### Data for this exercise
◆ ◆ ◆ ◆

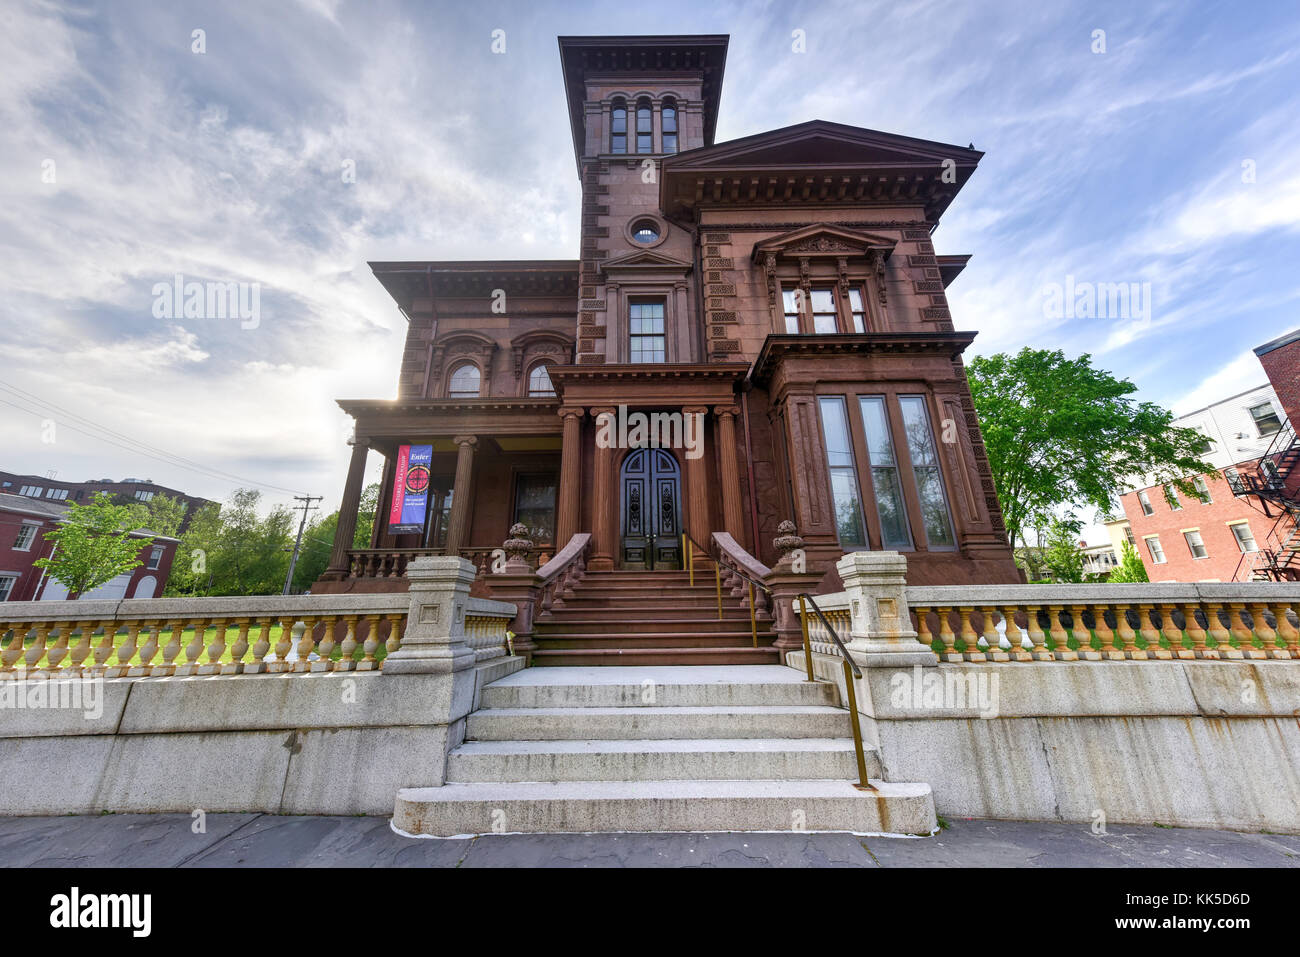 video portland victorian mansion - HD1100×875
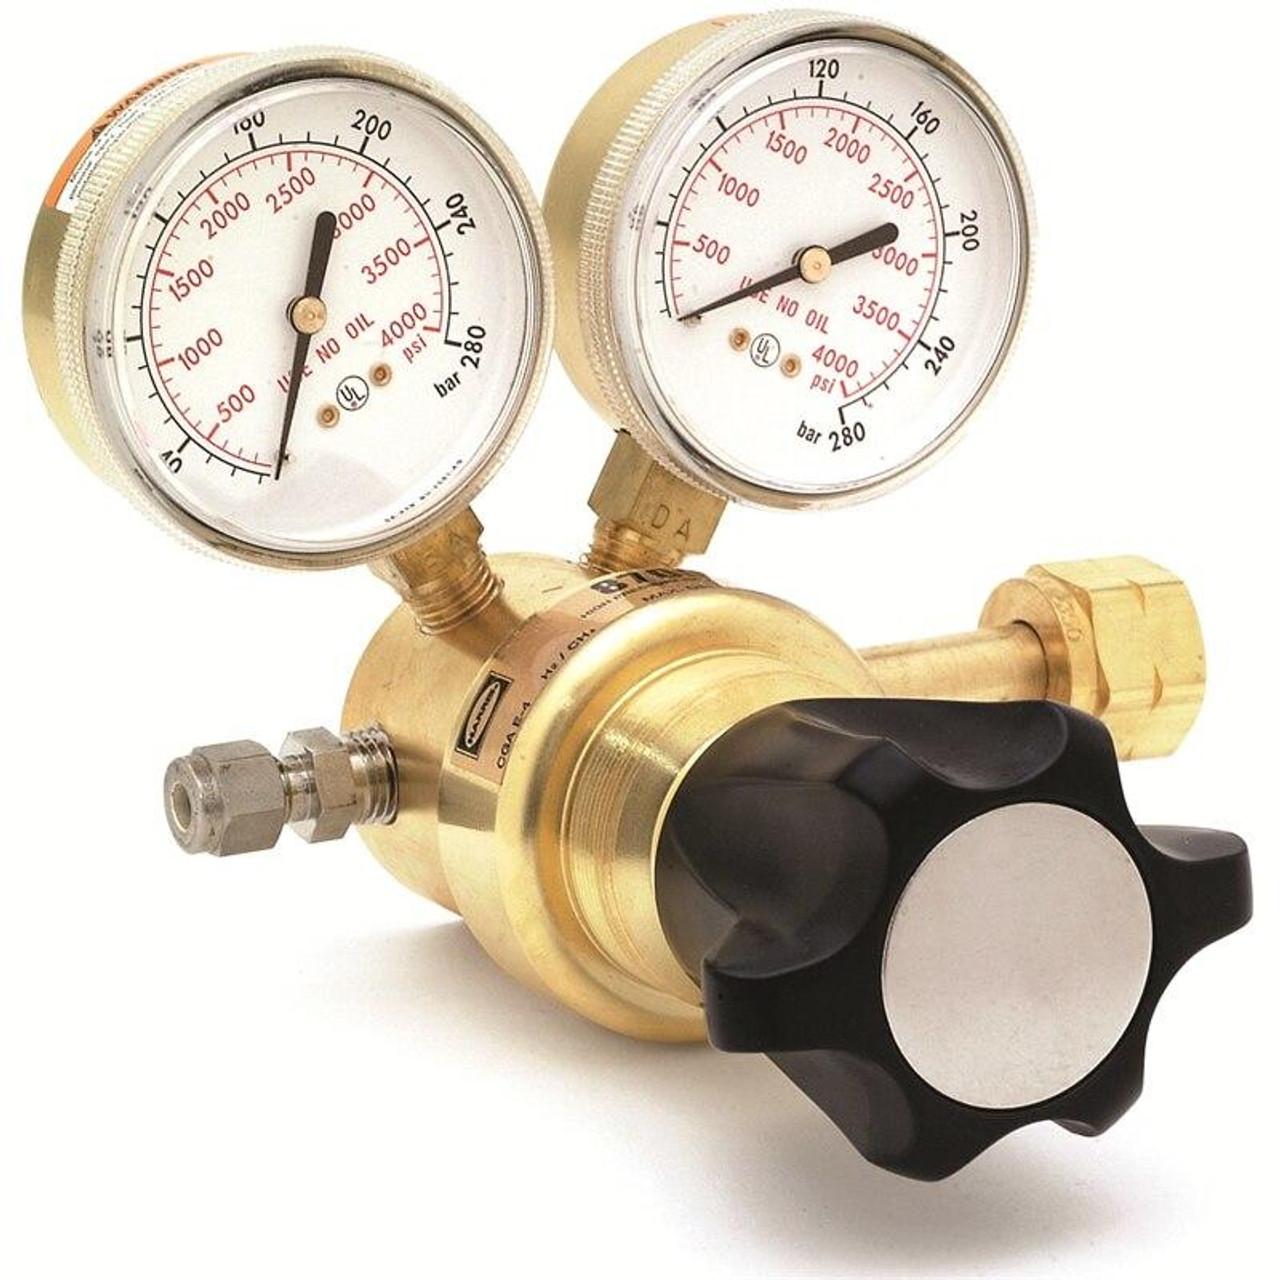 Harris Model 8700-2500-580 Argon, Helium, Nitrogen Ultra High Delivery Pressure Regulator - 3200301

◆ ◆ ◆ ◆

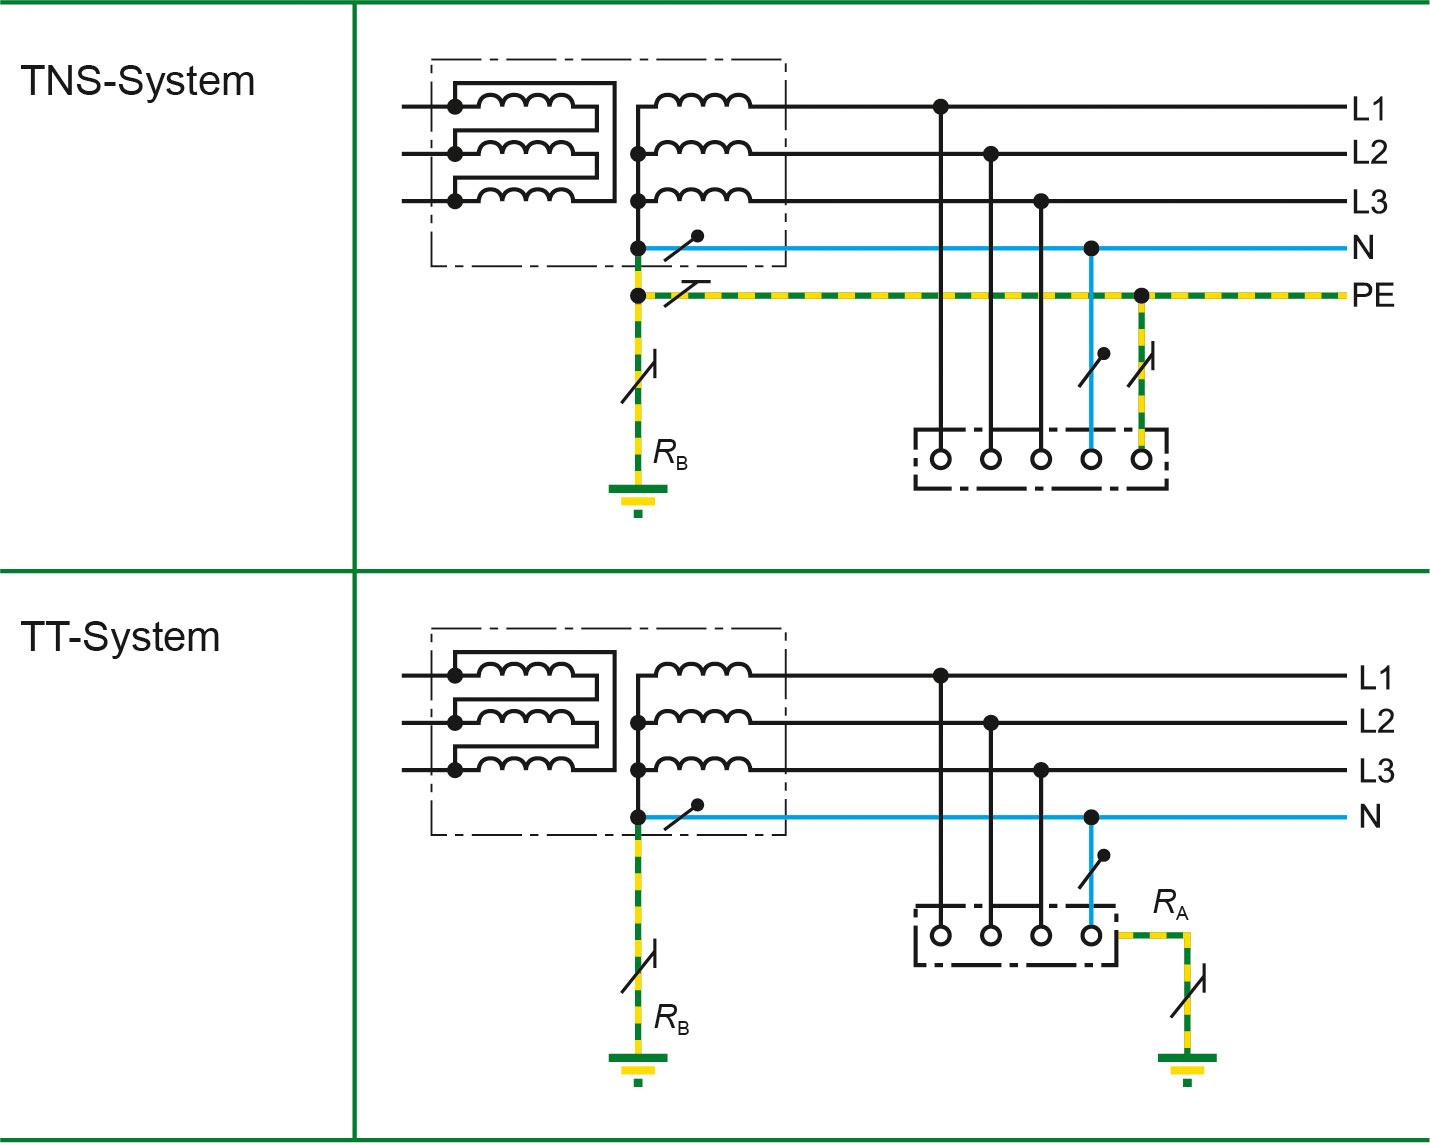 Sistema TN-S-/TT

◆ ◆ ◆ ◆

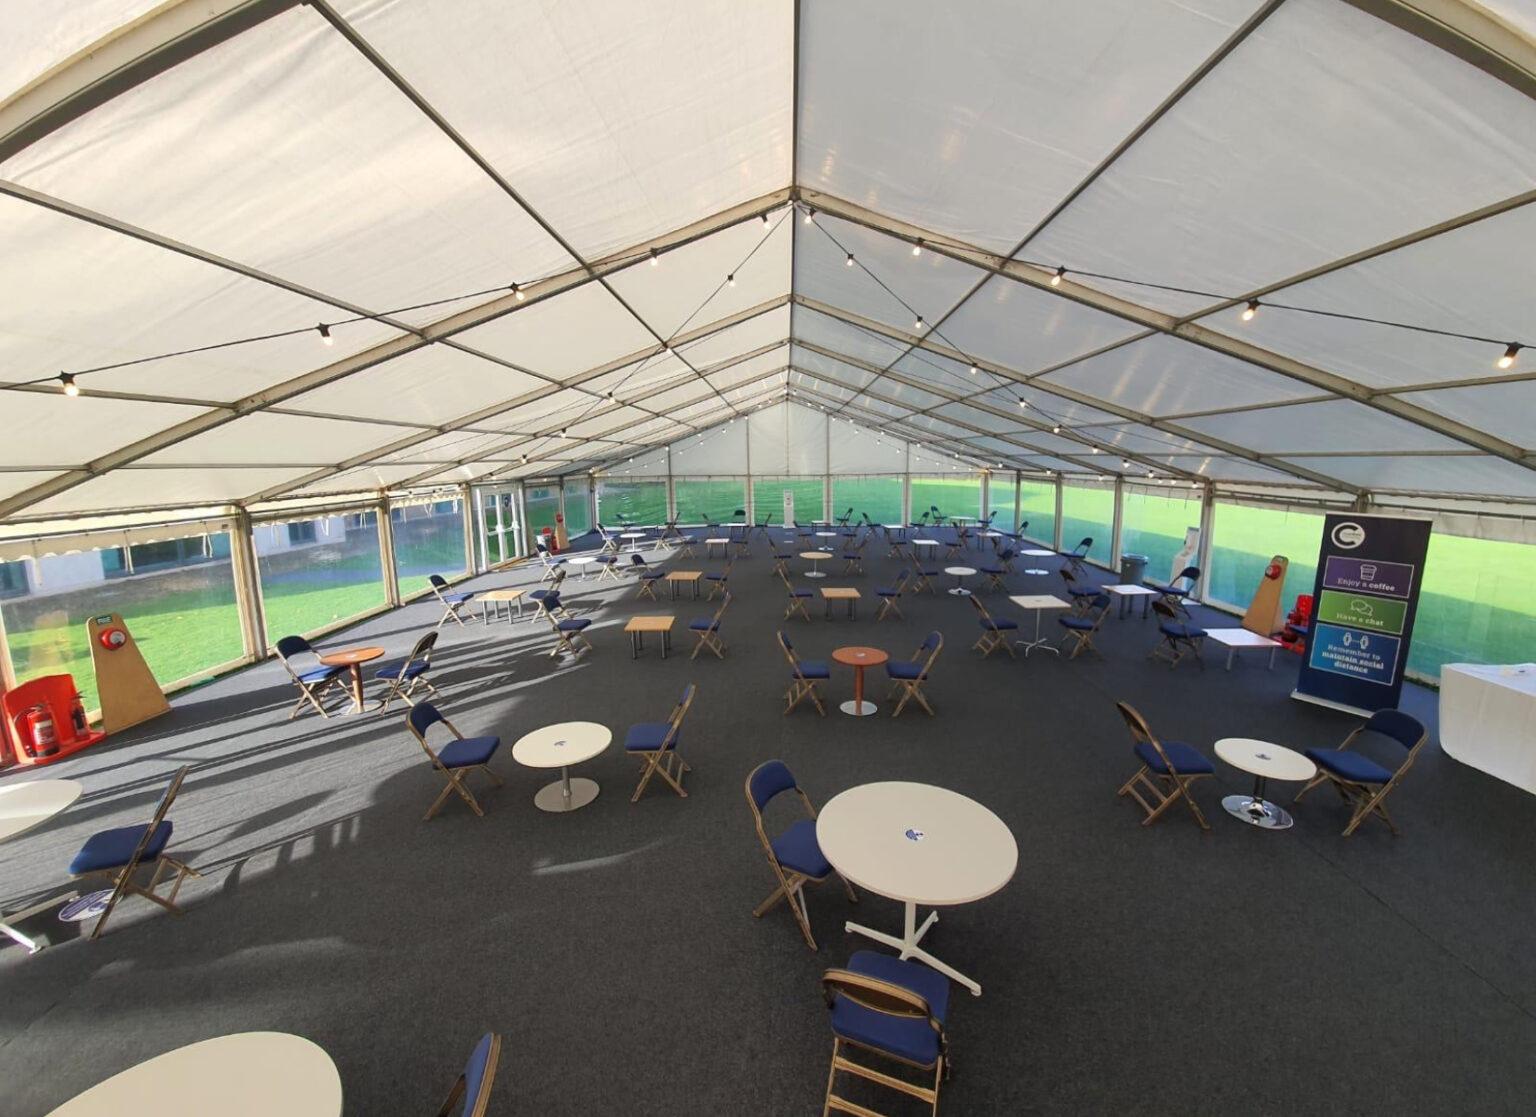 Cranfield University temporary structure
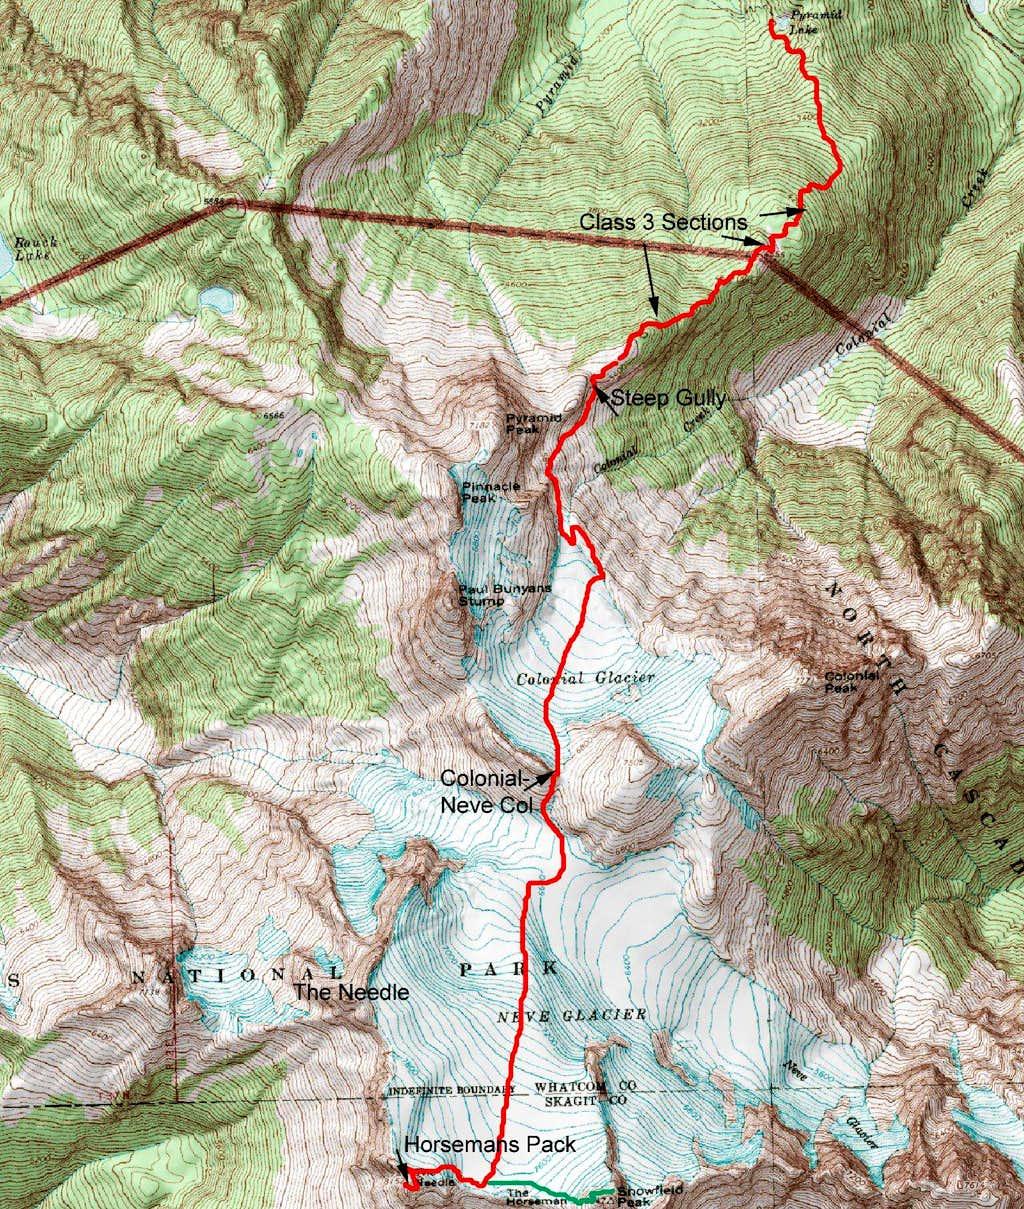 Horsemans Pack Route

◆ ◆ ◆ ◆

### Exercise instructions
What is needed is an exact copy of the lines above, from the one holding "video portland victorian" down to the one holding "Harris Model 8700-2500-580", with those two included and the pictures left out.

### Answer for the task
 video portland victorian mansion - HD1100×875
 Harris Model 8700-2500-580 Argon, Helium, Nitrogen Ultra High Delivery Pressure Regulator - 3200301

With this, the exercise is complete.